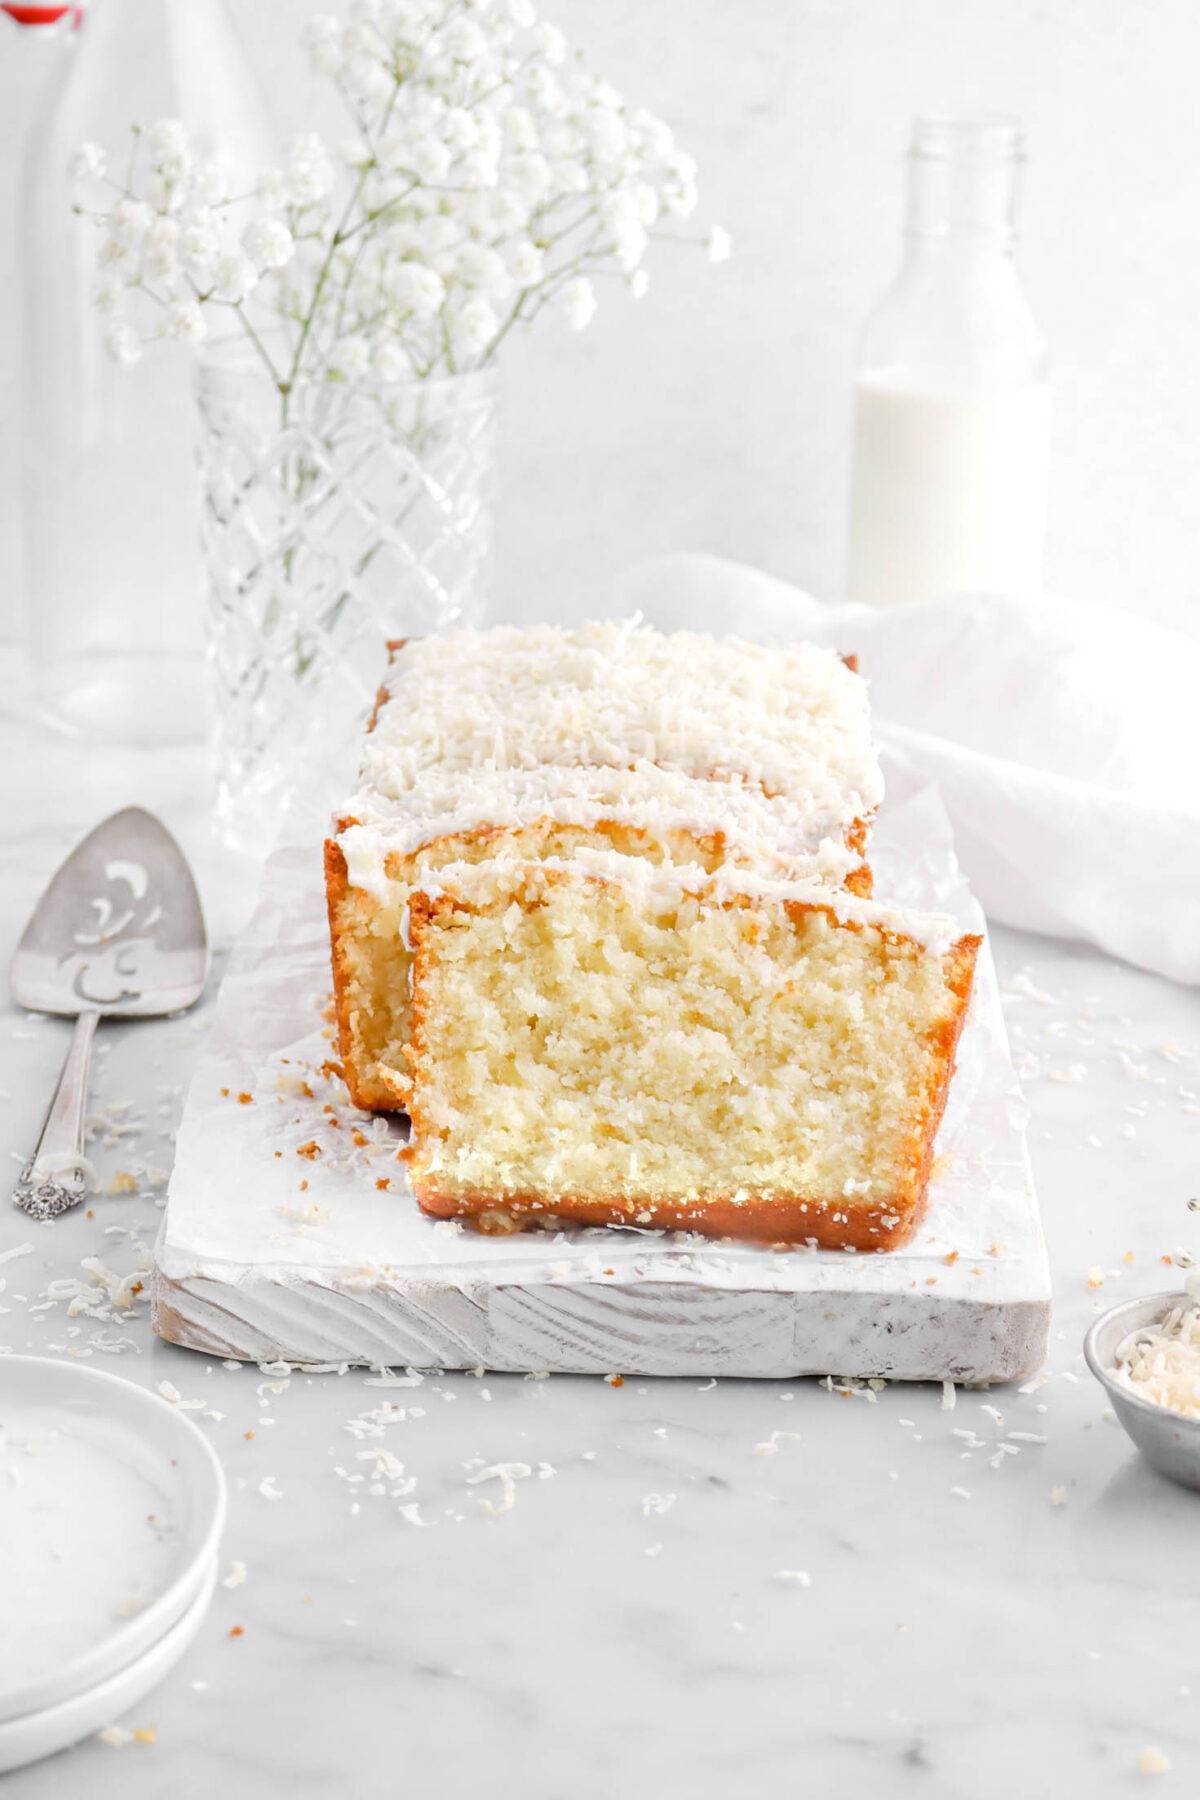 slice of coconut loaf cake leaning against loaf on white wood board with shredded coconut around, a cake knife beside, and white flowers behind with a glass of milk.
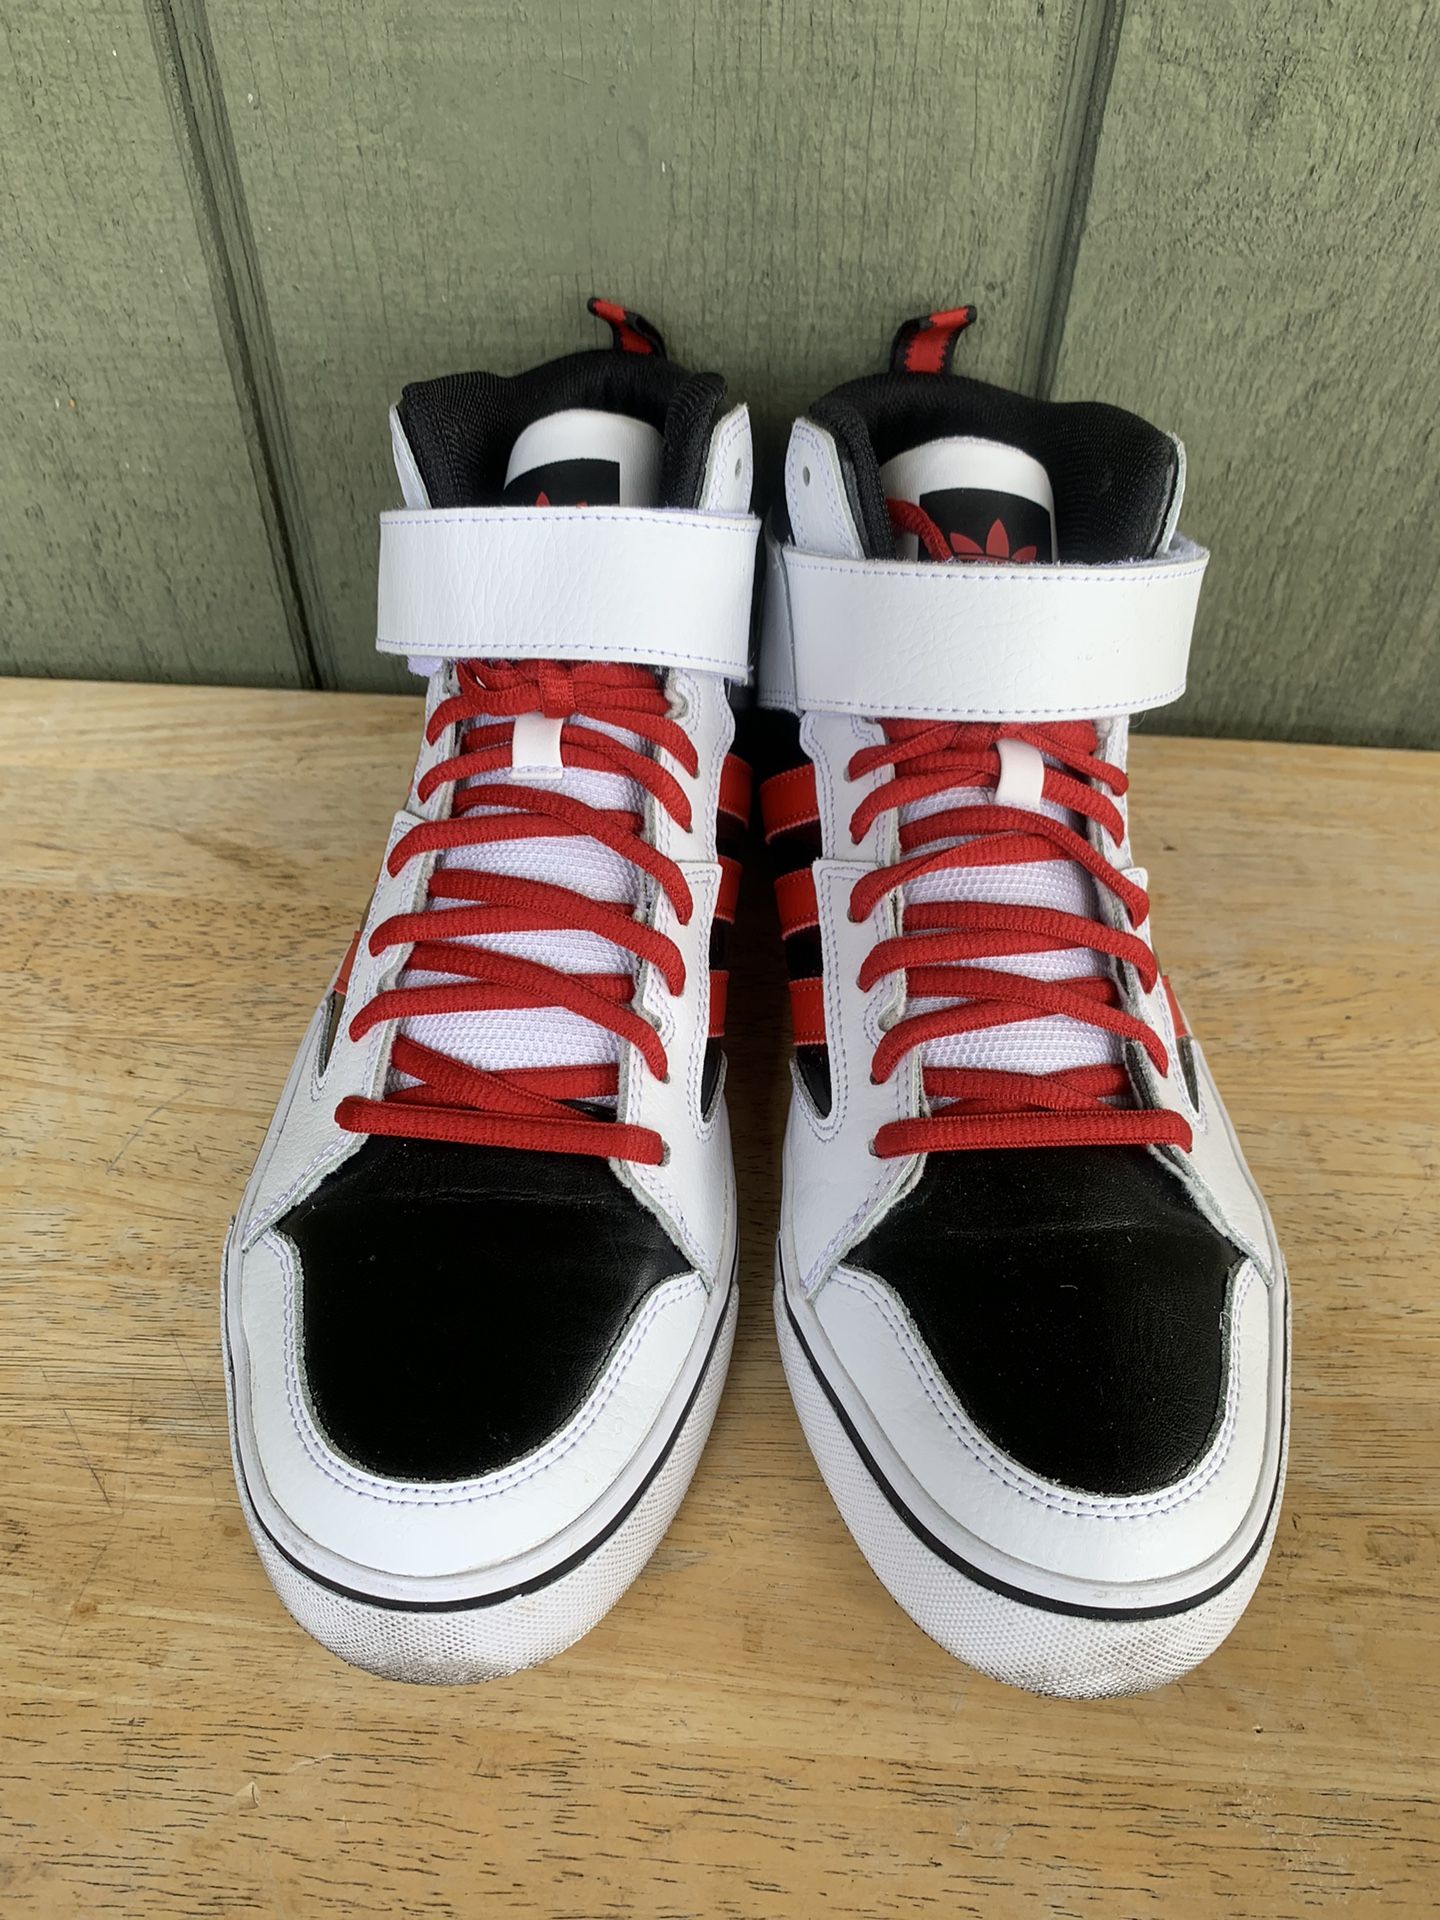 Andes steno Academie Rare Men's Size 9.5 Adidas Varial II Mid White/Black/Red Lace Up Athletic  Shoes for Sale in West Covina, CA - OfferUp
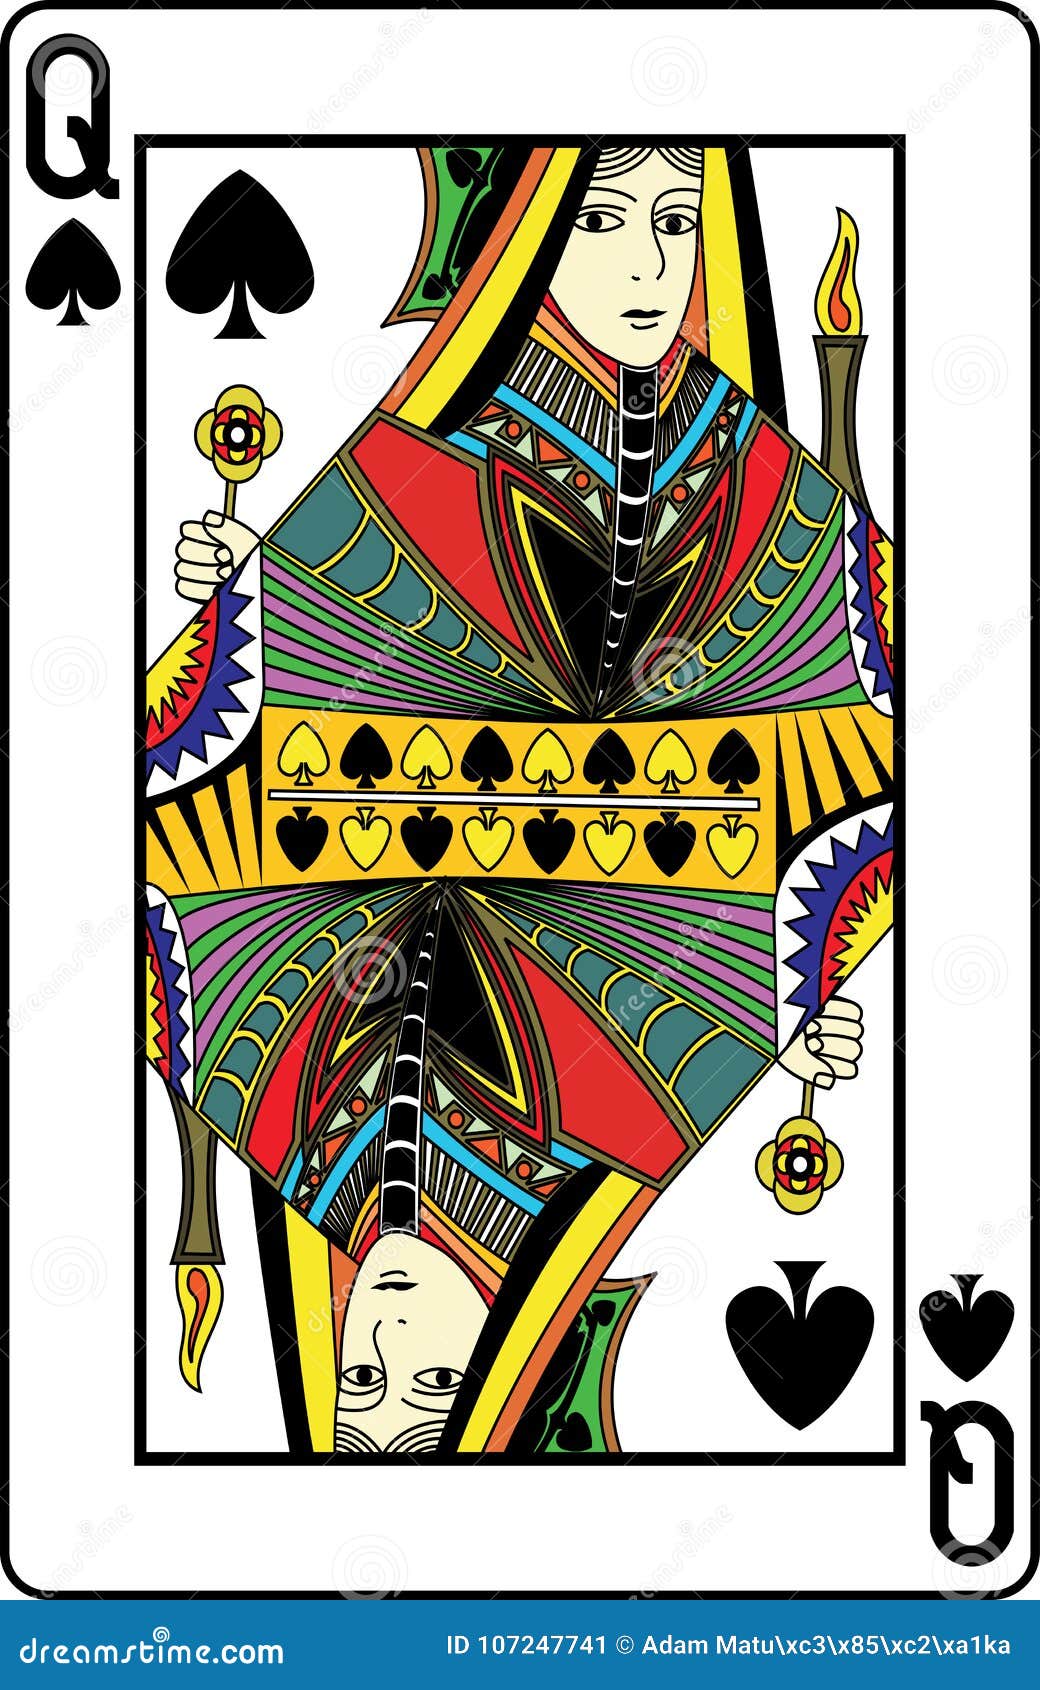 Queen of spades stock vector. Illustration of play, entertainment ...
--------
## DIRECTIONS FOR THIS TASK
Repeat the lines of the listing above verbatim, beginning at its first line and ending at the line containing "Andes steno Academie", which is included. Omit pictures.

## ANSWER
 slice of coconut loaf cake leaning against loaf on white wood board with shredded coconut around, a cake knife beside, and white flowers behind with a glass of milk.
 Andes steno Academie Rare Men's Size 9.5 Adidas Varial II Mid White/Black/Red Lace Up Athletic  Shoes for Sale in West Covina, CA - OfferUp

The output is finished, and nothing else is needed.